Start of Block
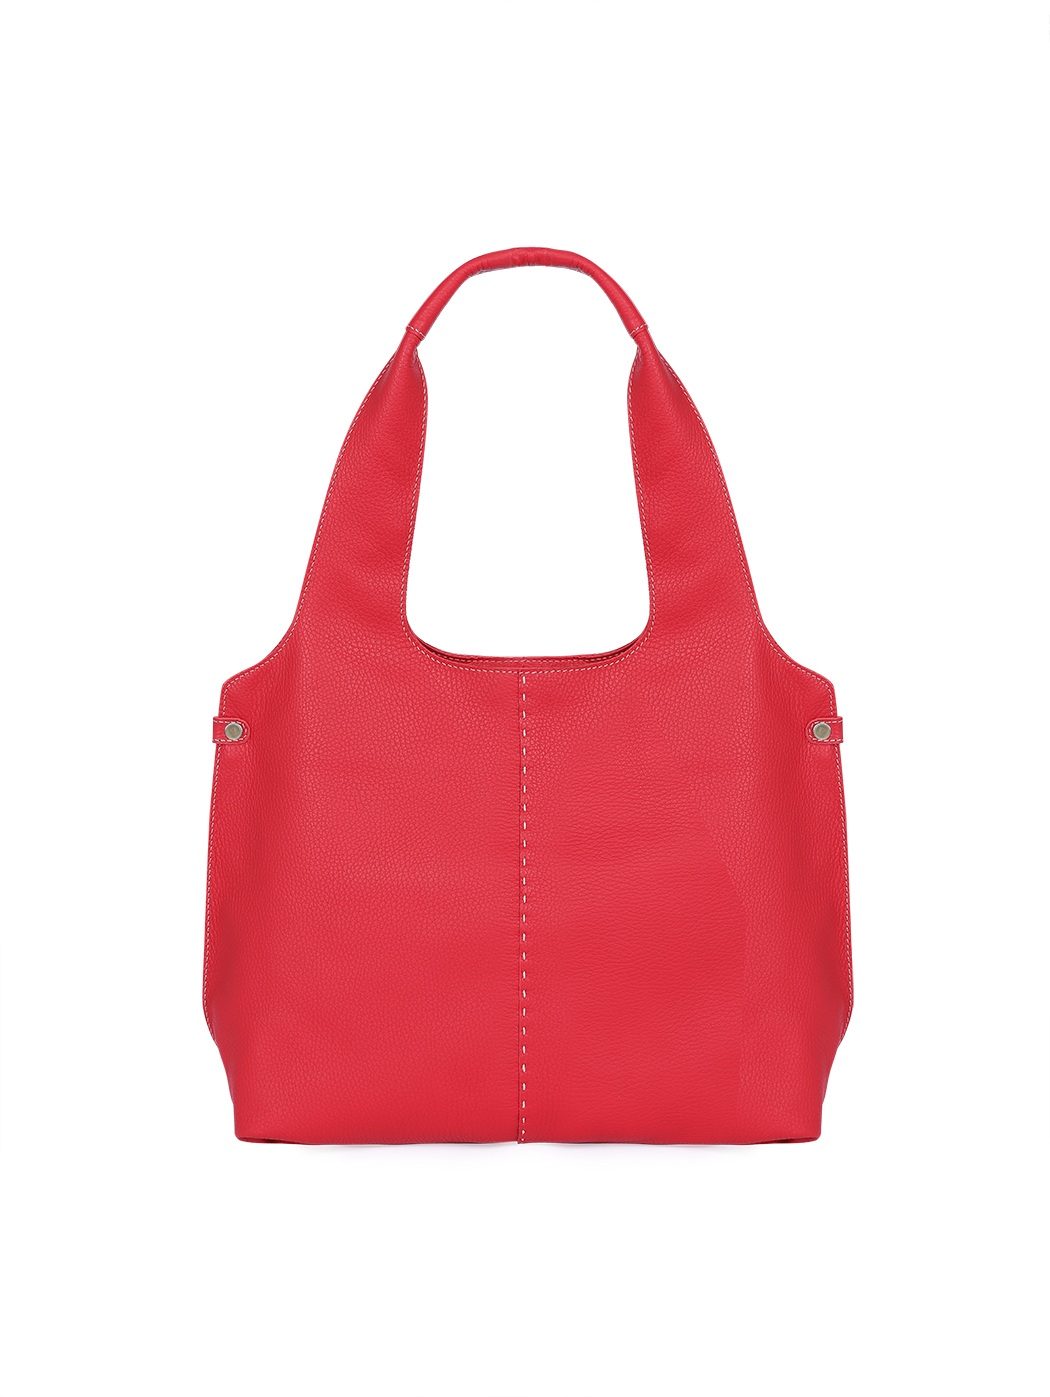 Large Tote Shoulder Deerskin Leather Bag Red
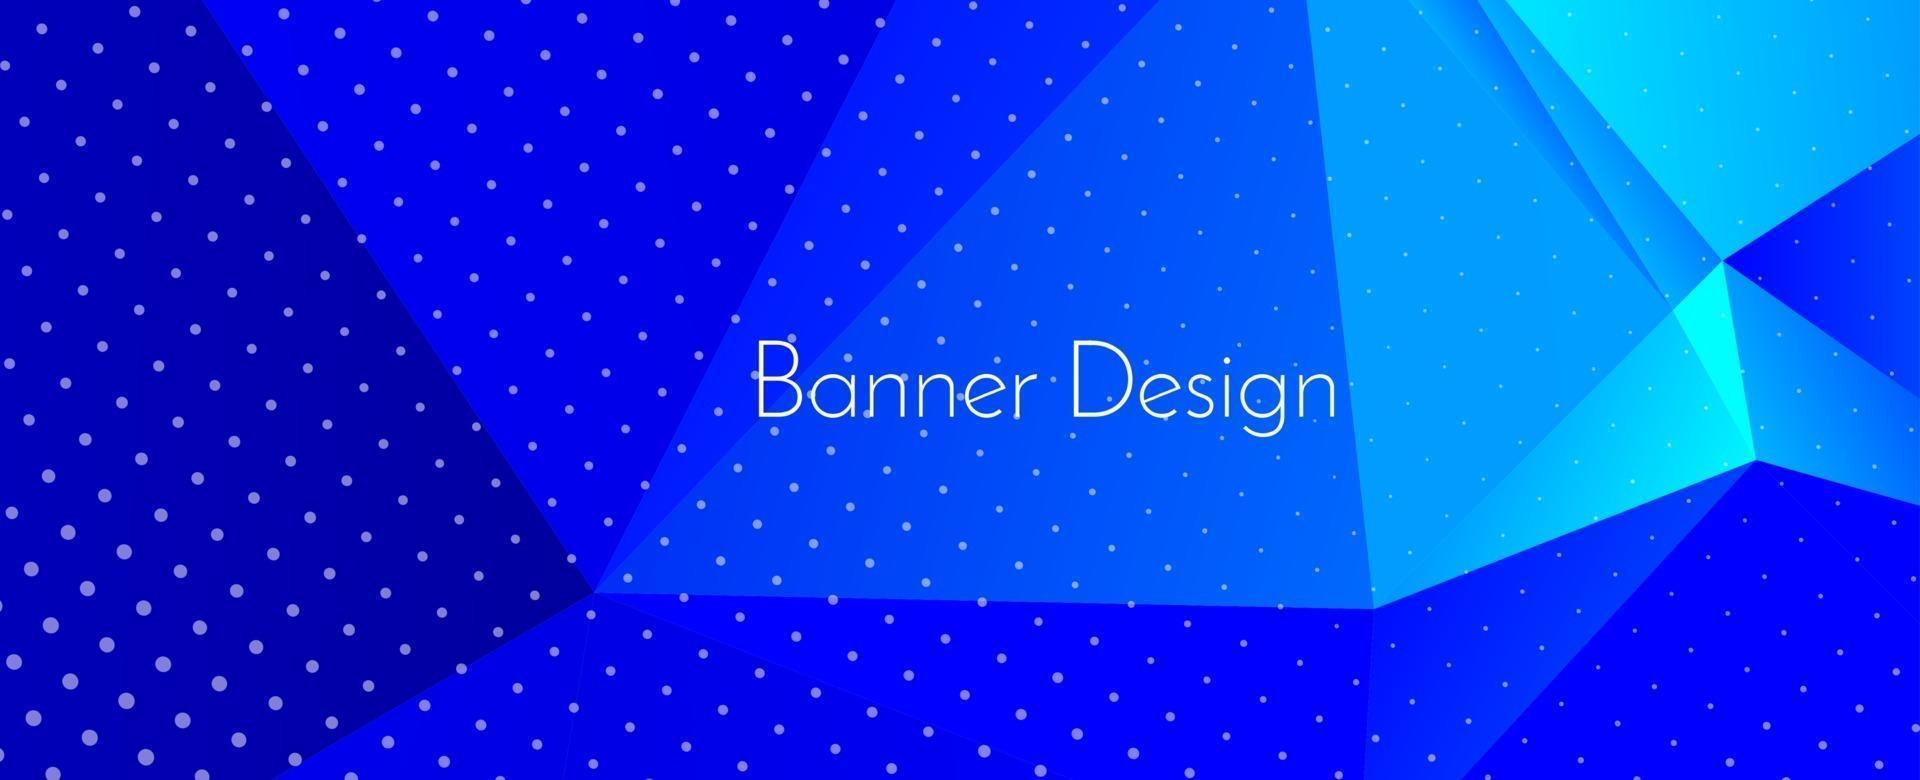 abstracte elegante geometrische decoratieve ontwerp banner achtergrond vector
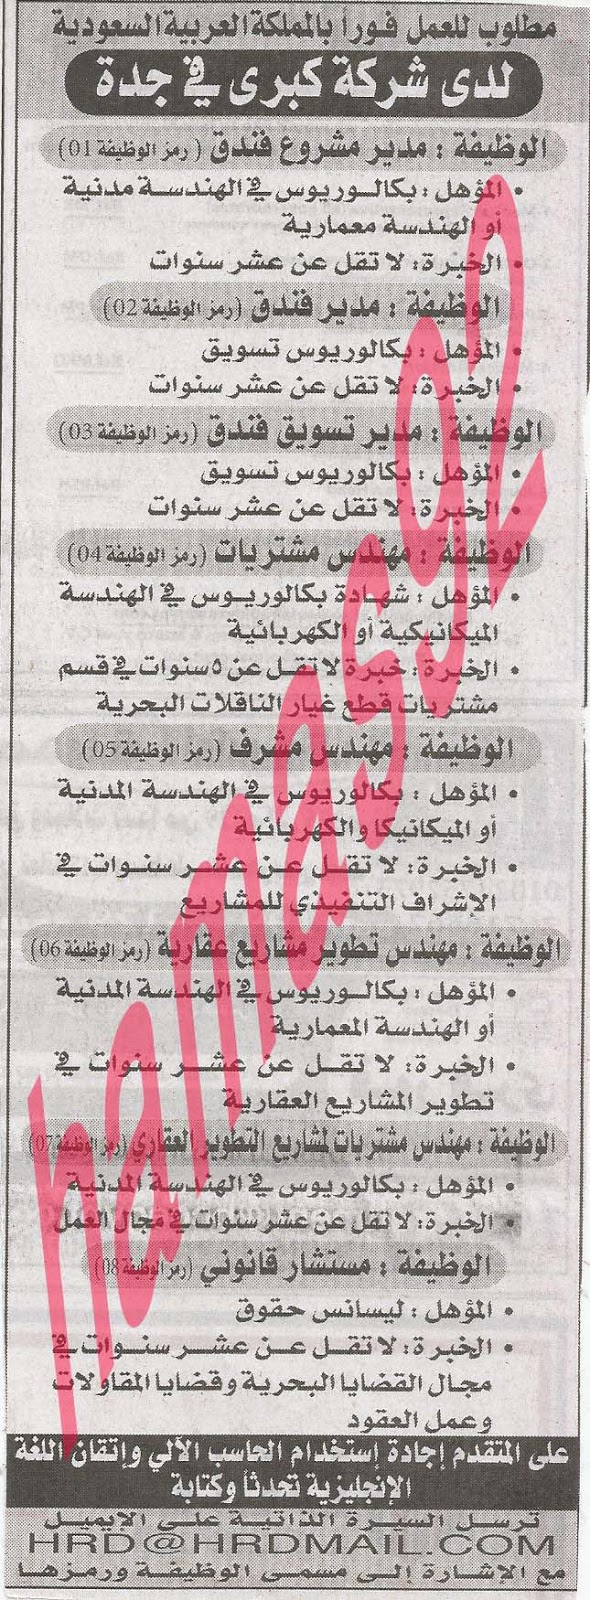 وظائف خالية فى دول الخليج بجريدة الاهرام الجمعة 23-08-2013 18
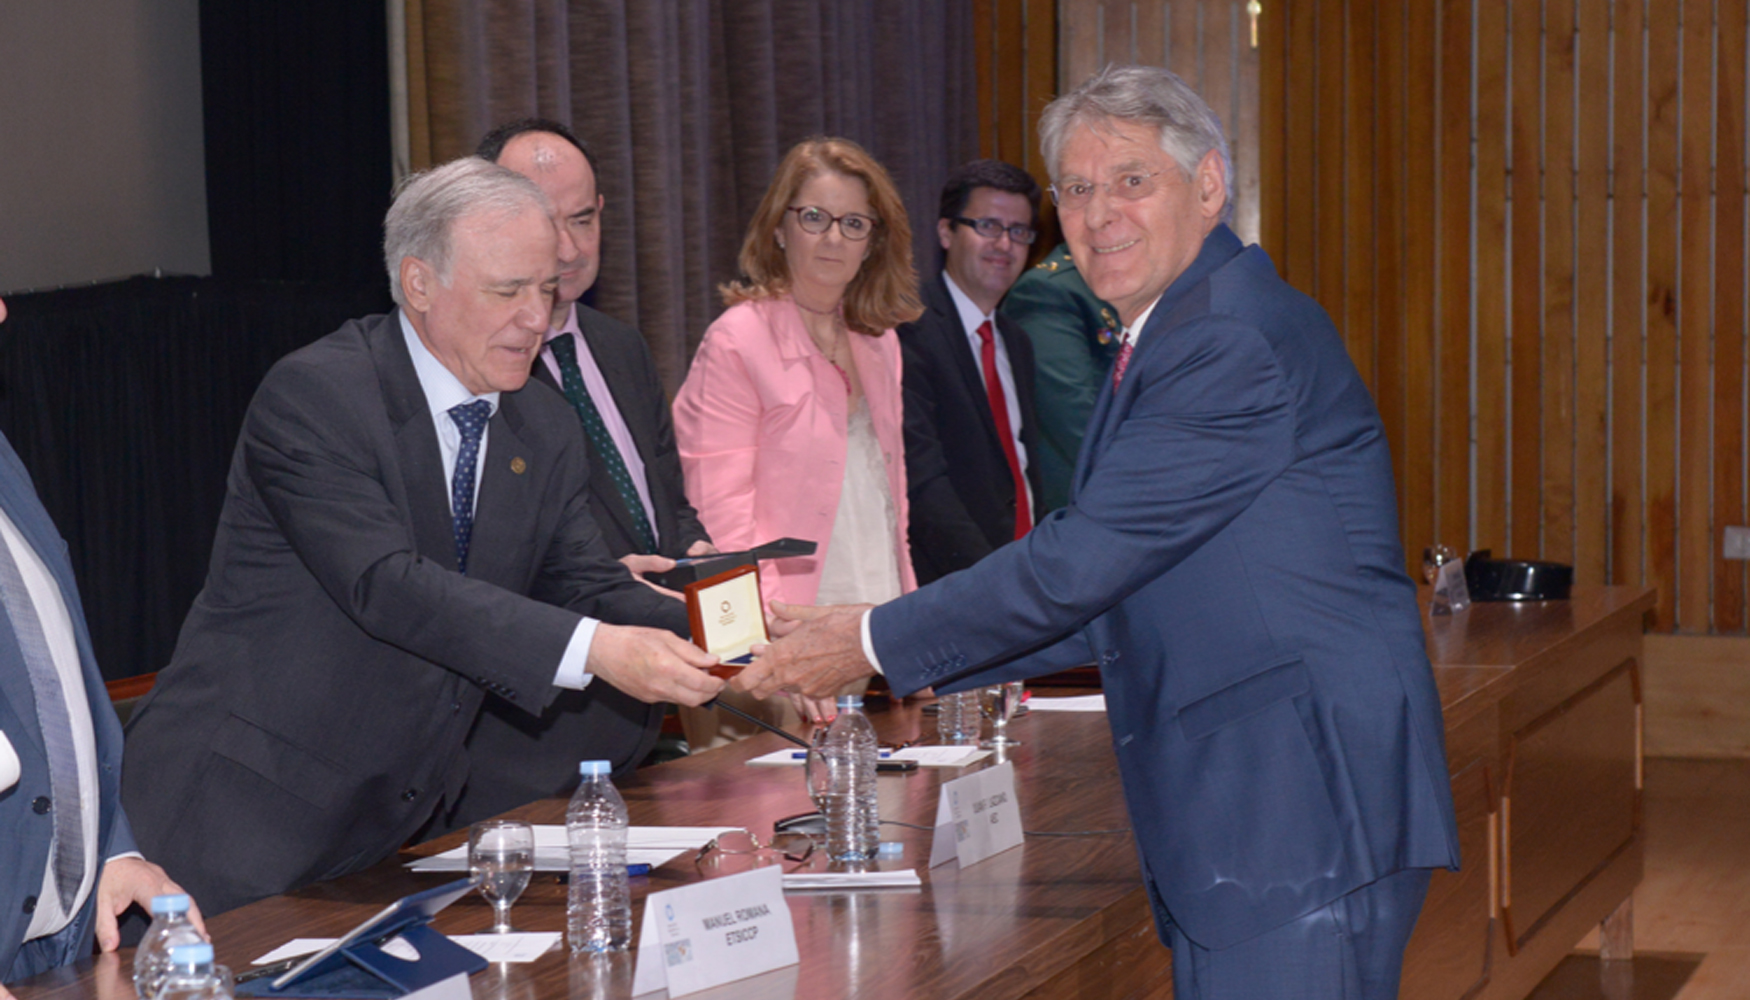 Medalla de la Carretera al Mrito Internacional: Jean-Claude Roff, vicepresidente de la Federacin Europea de Carreteras (ERF)...
End of Block
Text only, please: give the listing again word for word with no images.

# [RESPONSE FOR THIS EXERCISE]
 Large Tote Shoulder Deerskin Leather Bag Red
 abstracte elegante geometrische decoratieve ontwerp banner achtergrond vector
 وظائف خالية فى دول الخليج بجريدة الاهرام الجمعة 23-08-2013 18
 Medalla de la Carretera al Mrito Internacional: Jean-Claude Roff, vicepresidente de la Federacin Europea de Carreteras (ERF)...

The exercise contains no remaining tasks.